Understanding Clinical Terminology in Context
Here are terms you will hear constantly during implementations. Learn these before your first hospital meeting:
- Chief Complaint (CC) -- the primary reason the patient came (e.g., 'fever for 3 days')
- History of Present Illness (HPI) -- detailed story of the current problem
- Vitals -- measurable body parameters: BP, pulse, temperature, respiratory rate, SpO2, weight
- Diagnosis -- the doctor's conclusion about what is wrong (coded in ICD-10)
- Differential Diagnosis -- multiple possible diagnoses being considered
- Rx -- abbreviation for prescription
- PRN -- 'as needed' medication (not scheduled, given when patient needs it)
- STAT -- immediately / urgently
- NPO / NBM -- nothing by mouth (fasting, usually before surgery)
- Admission -- patient stays overnight
- Discharge -- patient leaves after treatment
- LAMA -- Leave Against Medical Advice (patient wants to leave before doctor recommends)
- MLC -- Medico-Legal Case (police notification required)
- DAMA -- Discharge Against Medical Advice (same as LAMA in some regions)
Exercise: Shadow a Workflow
This is your most important Module 1 exercise:
- Open your Bio Ecko sandbox
- Register a new test patient
- Walk through the complete OPD flow: registration -> vitals -> consultation -> prescription -> pharmacy dispensing -> billing
- Then admit the same patient to IPD and walk through: admission -> bed assignment -> daily nursing note -> medication administration -> discharge
At each step, note:
- Which screen/module did you use?
- Which fields were mandatory vs optional?
- What happened automatically (e.g., token generation, bill creation)?
- What required manual action?
- Where did you feel the workflow was slow or confusing?
Document your findings.

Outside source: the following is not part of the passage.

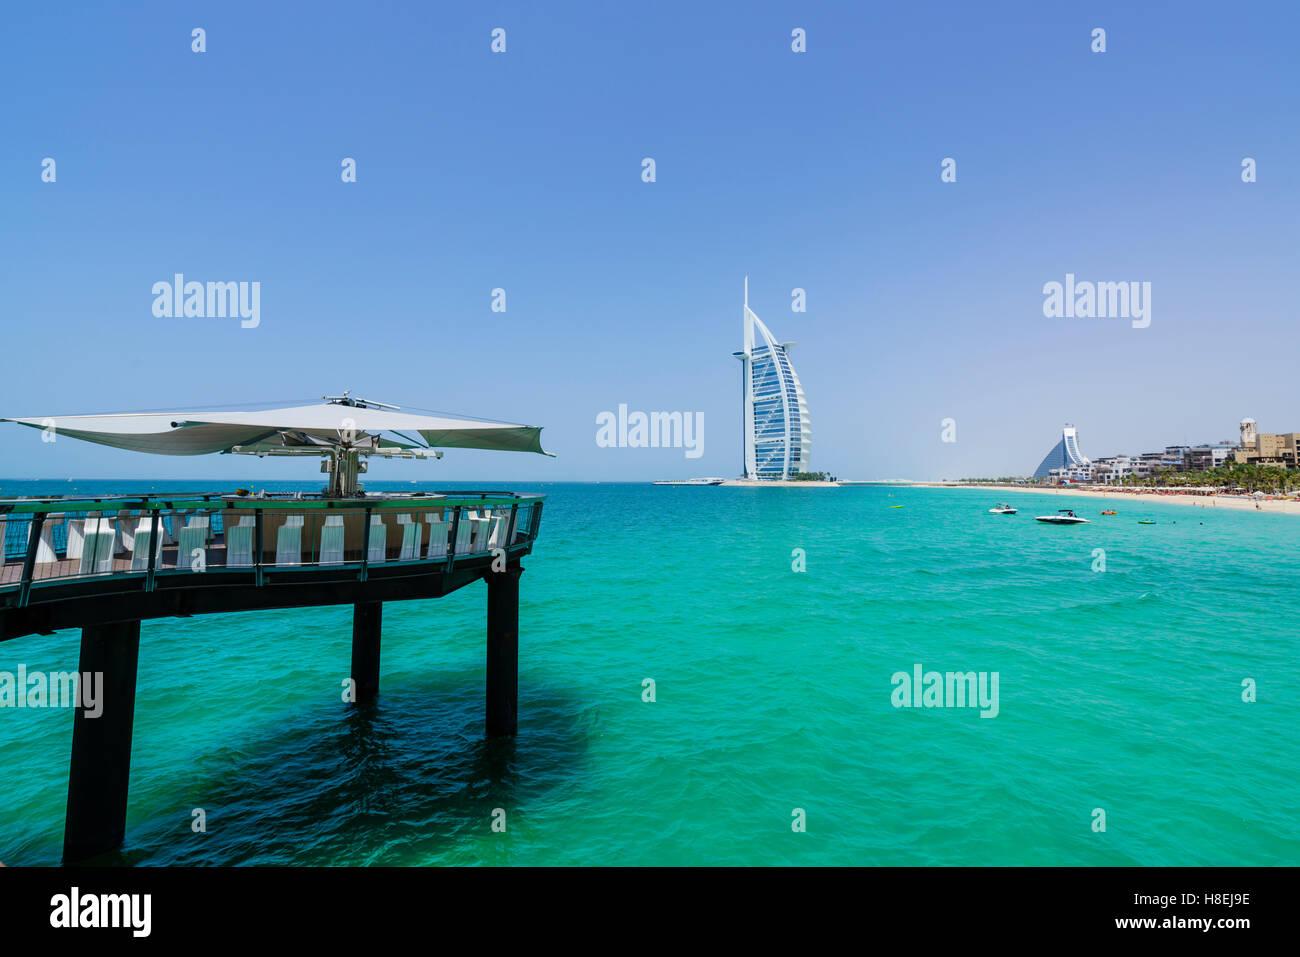 Burj Al Arab, Jumeirah Beach, Dubai, United Arab Emirates, Middle East - Stock Image

These observations will be invaluable when you do this for real hospitals.
Notes
Tip
When doctors say 'the old system was better,' they usually mean 'the old system had fewer mandatory fields.' Your job is to balance data completeness with clinical speed. Default values, templates, and auto-population are your tools.
Info
A single OPD visit typically creates 5-8 database records across tables (visit, vitals, diagnosis, prescription, prescription_items, bill, bill_items). A 7-day IPD stay can create 200+ records. Understanding this data volume helps you plan testing.
Warning
Never configure a clinical workflow based solely on what management says. Always interview the actual users -- the nurse at the bedside, the pharmacist at the counter, the lab technician at the bench. Management describes the ideal; staff describe the reality.